It takes observations and actions $A_{t}$ (at time point t)
It receives or generates a reward $R_{t}$ and tries to maximize the cumulative reward, commonly called return and denoted with $G$ , where $G_{t} = R_{t + 1} + R_{t + 2} + R_{t + 3} + \dots$
As the return is not directly accessible, the agent in state $s$ uses an expected return, called value $v$ where $v (s) = E [G_{t} | S_{t} = s]$ . It maximizes $v$ in order to maximize $G$ .
This value $v$ depends both on the actions and the dynamics of its environment. Simple agents in simple environments only need a mapping from states to actions, called a policy $π$ .
However, for the agent to maximize $v$ and thereby behave adaptively in a complex environment, it needs to predict or model its environment and have a policy $π$ that respectively maximizes $v$ for different states of the environment. Thus, it needs a good model of its environment and how its actions in the environment lead to maximal values in $v$ (a good value function estimate).

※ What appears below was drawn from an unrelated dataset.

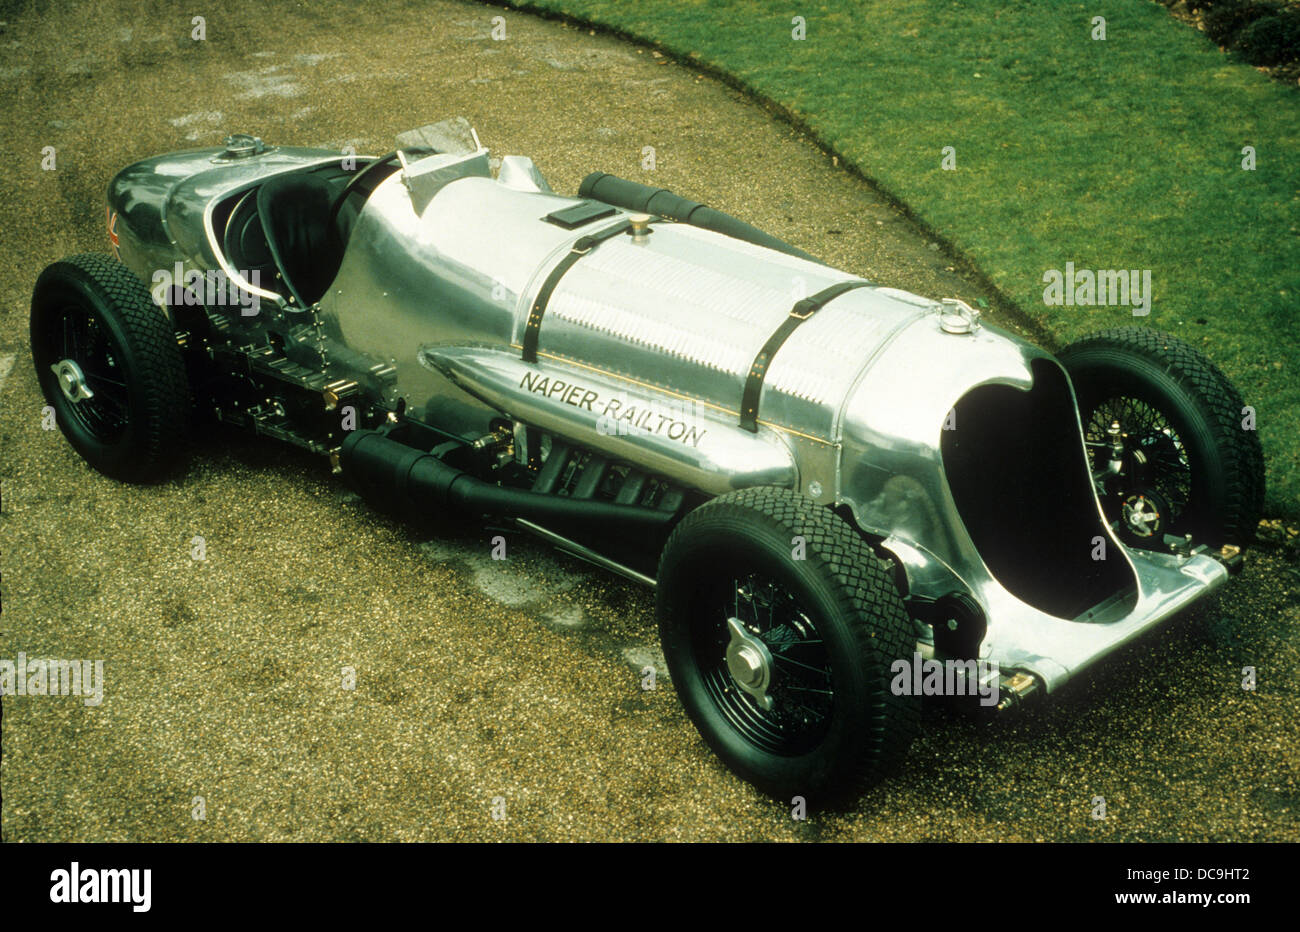 1933 NAPIER-RAILTON racing car Stock Photo

Now, with this last point, we again conclude the point made less formally above: Adaptive action of an agent – and thereby intelligence – necessitates a good model in a complex environment. While in RL a model is not strictly necessary, agents with a predictive model of their environment have a better representation of their uncertainty which helps them learn and explore their environment effectively to maximize their future reward. In this way, the model in active inference, enables the agent to maximize both its epistemic value or information gain and its pragmatic value, thereby finding an efficient solution to the explore exploit tradeoff, and explore in an efficient, directed fashion. Further note that model-based RL agents do not have to rely as much on sometimes slow interaction with the world which has a variety of advantages including data efficiency, computational efficiency, speed, and reduced costs. In the end, intelligent agents need a general way to capture environmental dynamics to behave adaptively in complex, dynamic environments and this is done effectively by the model.

In the limit, for easy problems, the agent’s value function approaches the true value function and (the model toward) a function capturing the environmental dynamics. We may also consider the reward to be another observation over which the agent has preferences instead of a special feature of the environment or agent [Sajid et al., 2021].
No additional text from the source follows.